### TASK BRIEF
In full and word for word, copy the listing; no pictures belong in the copy.
INFORMATION SUPPLIED START
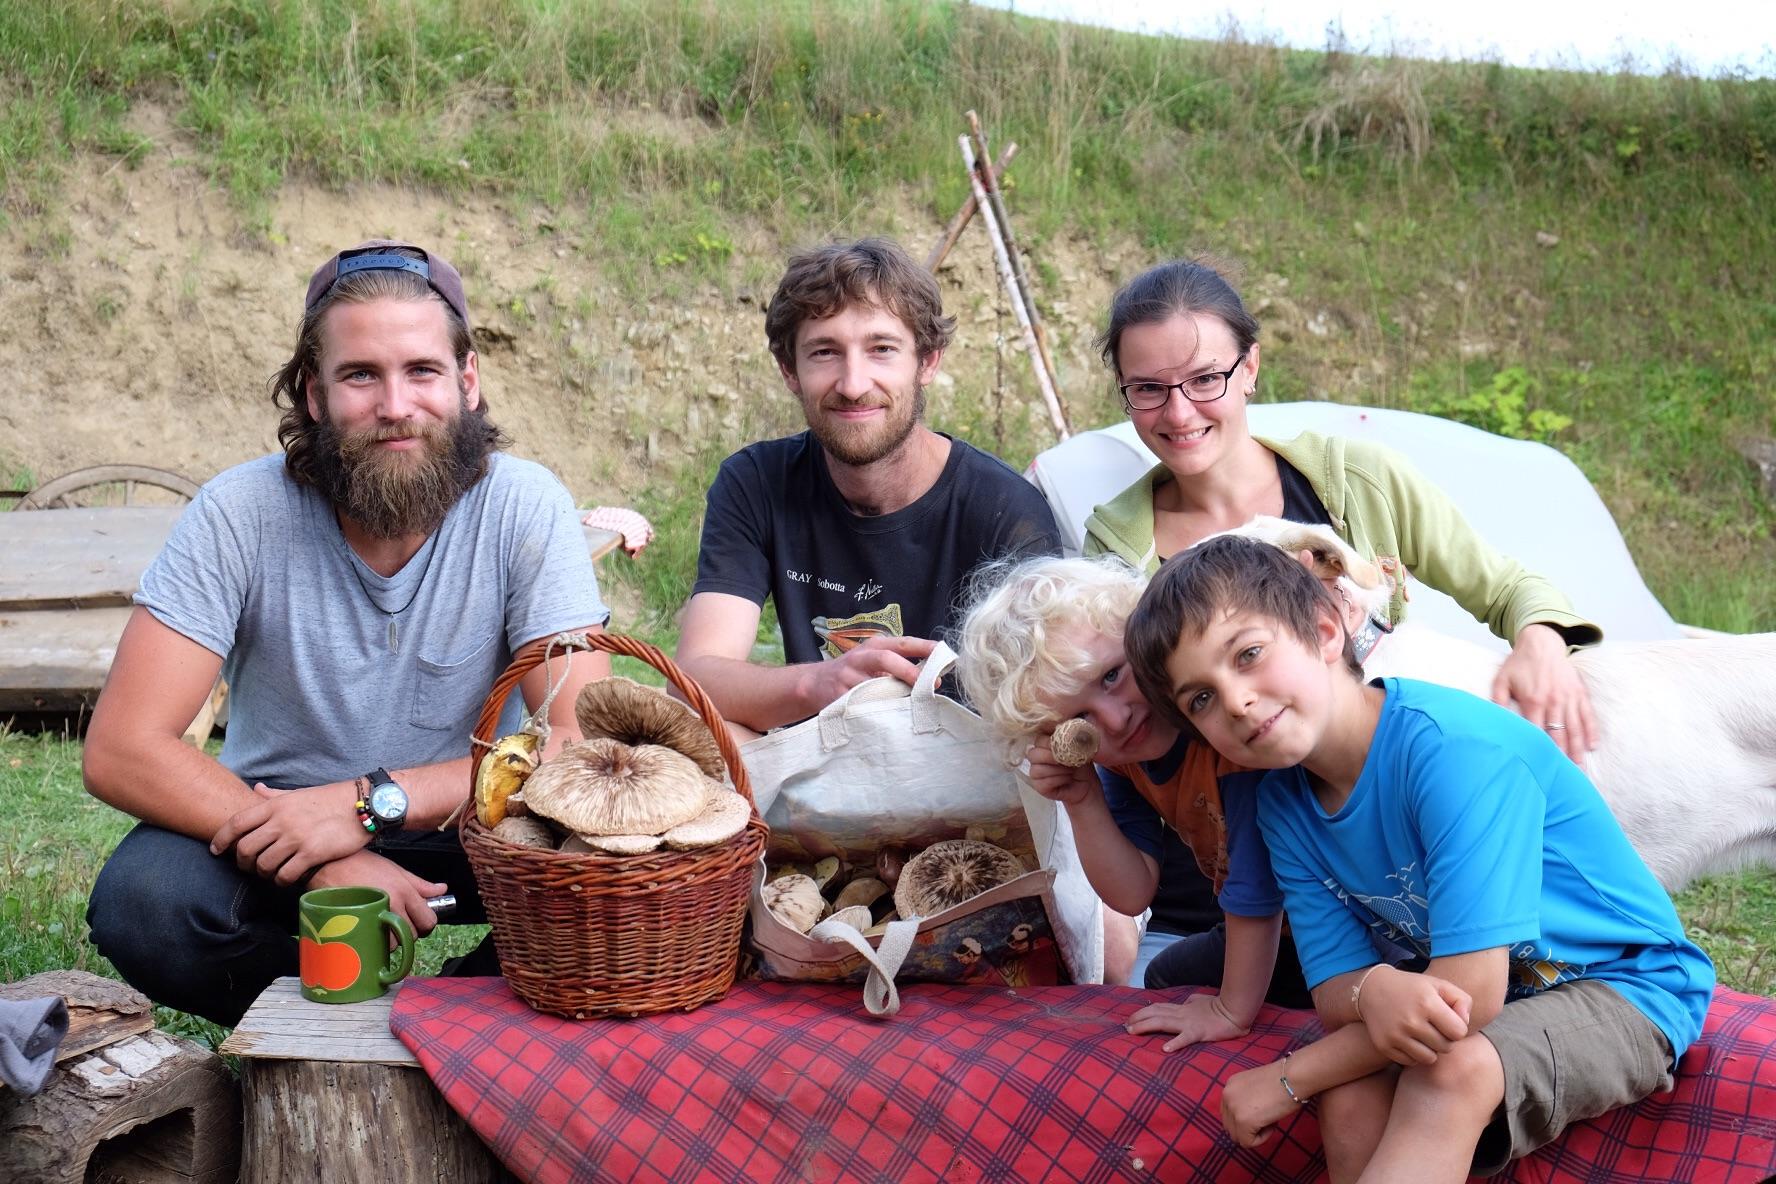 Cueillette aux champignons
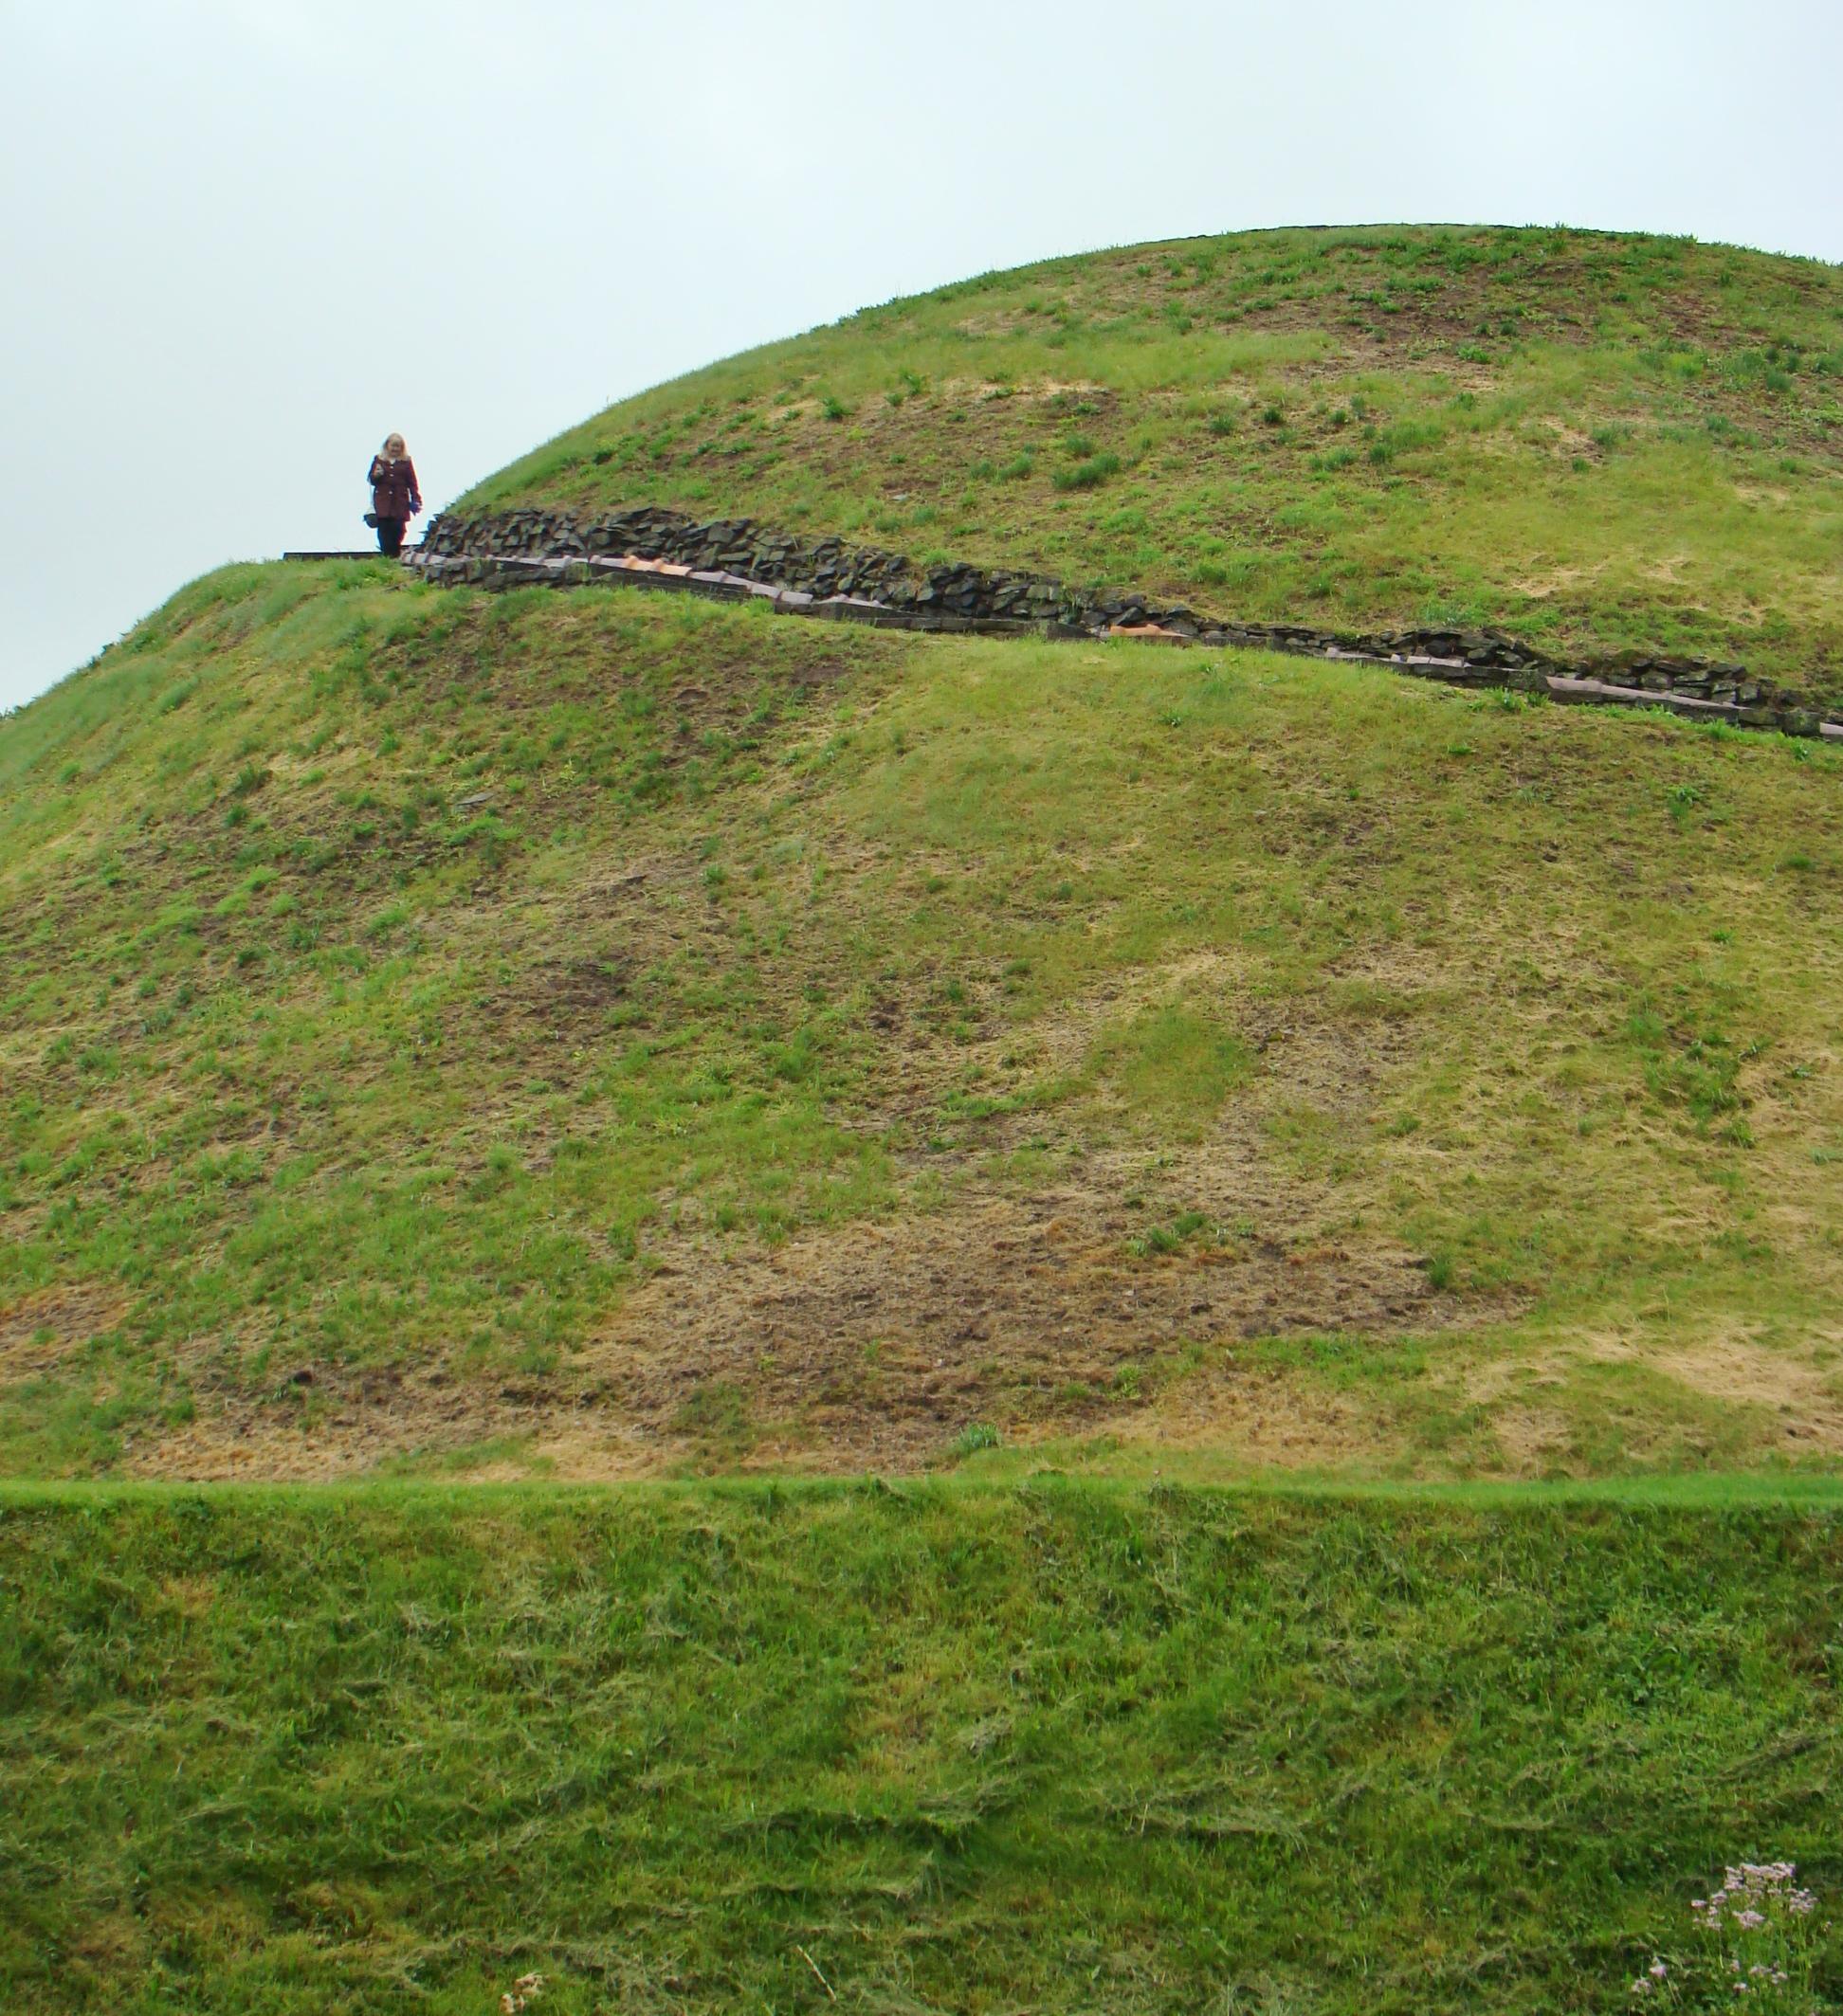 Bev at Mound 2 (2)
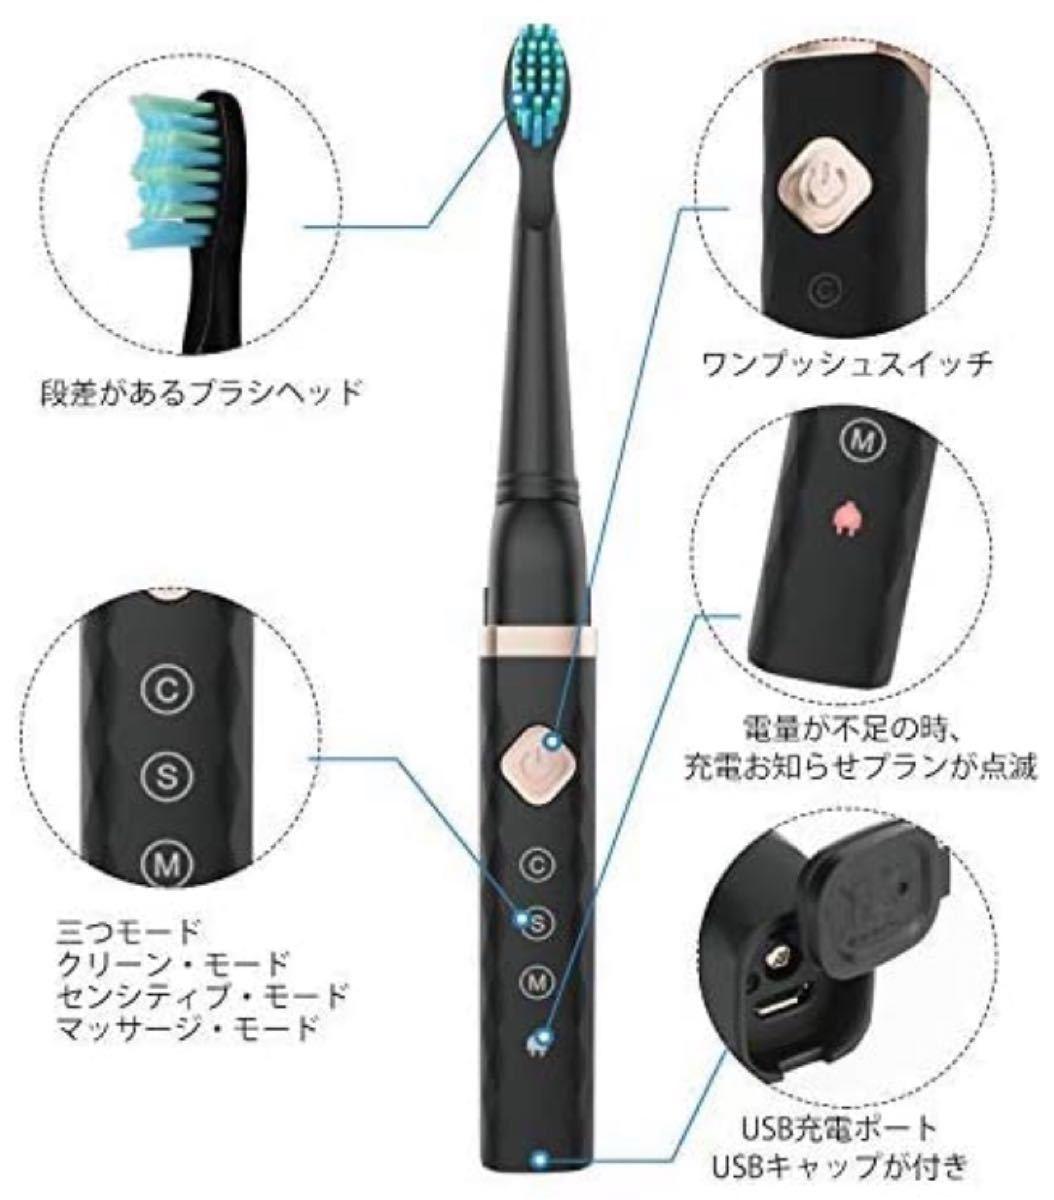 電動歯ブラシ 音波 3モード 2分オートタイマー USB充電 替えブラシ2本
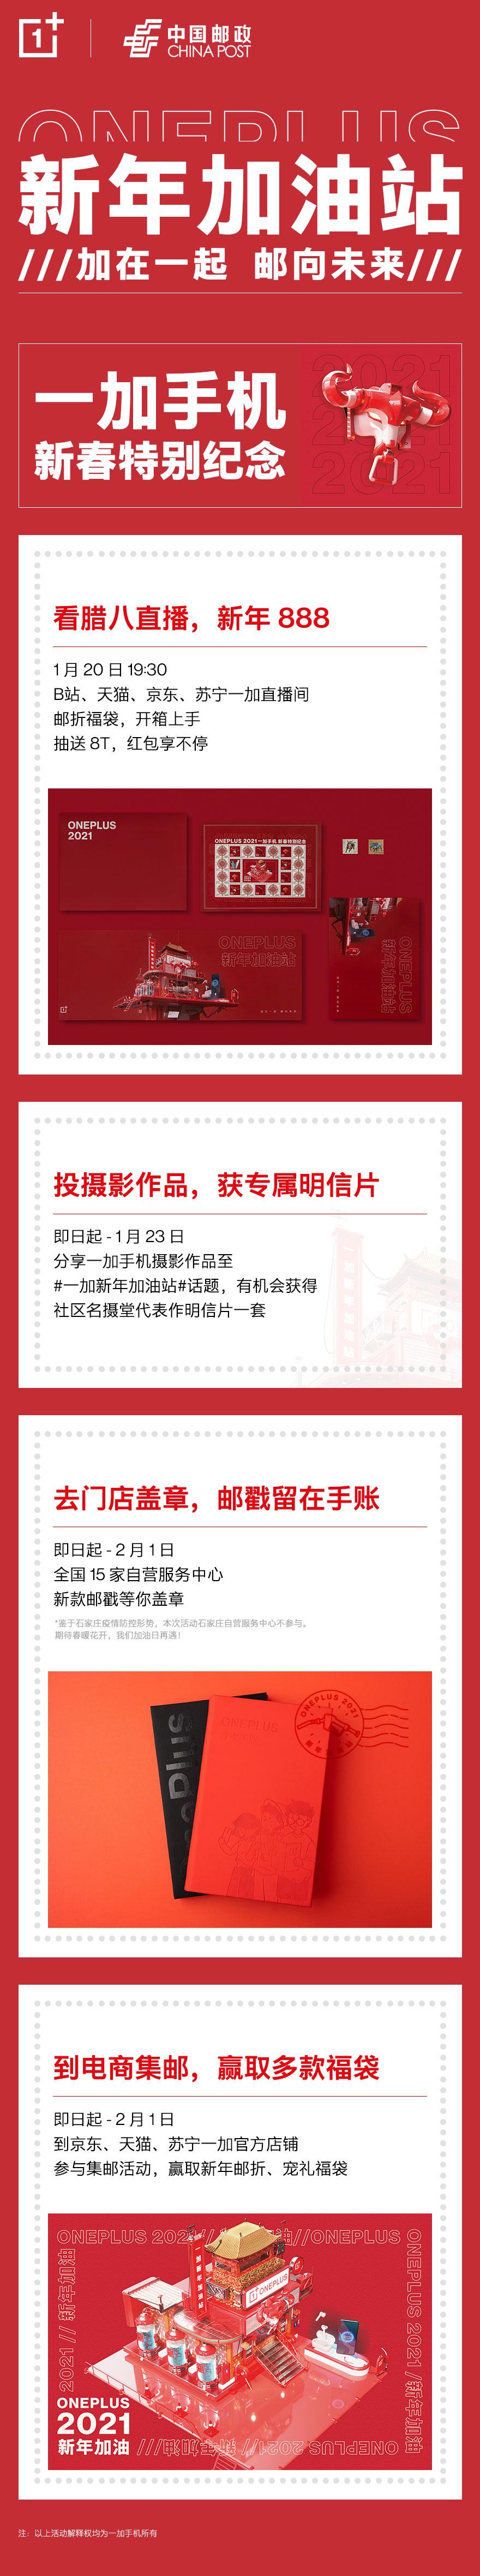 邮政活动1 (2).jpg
INFORMATION SUPPLIED END
### RESULT
 Cueillette aux champignons
 Bev at Mound 2 (2)
 電動歯ブラシ 音波 3モード 2分オートタイマー USB充電 替えブラシ2本
 邮政活动1 (2).jpg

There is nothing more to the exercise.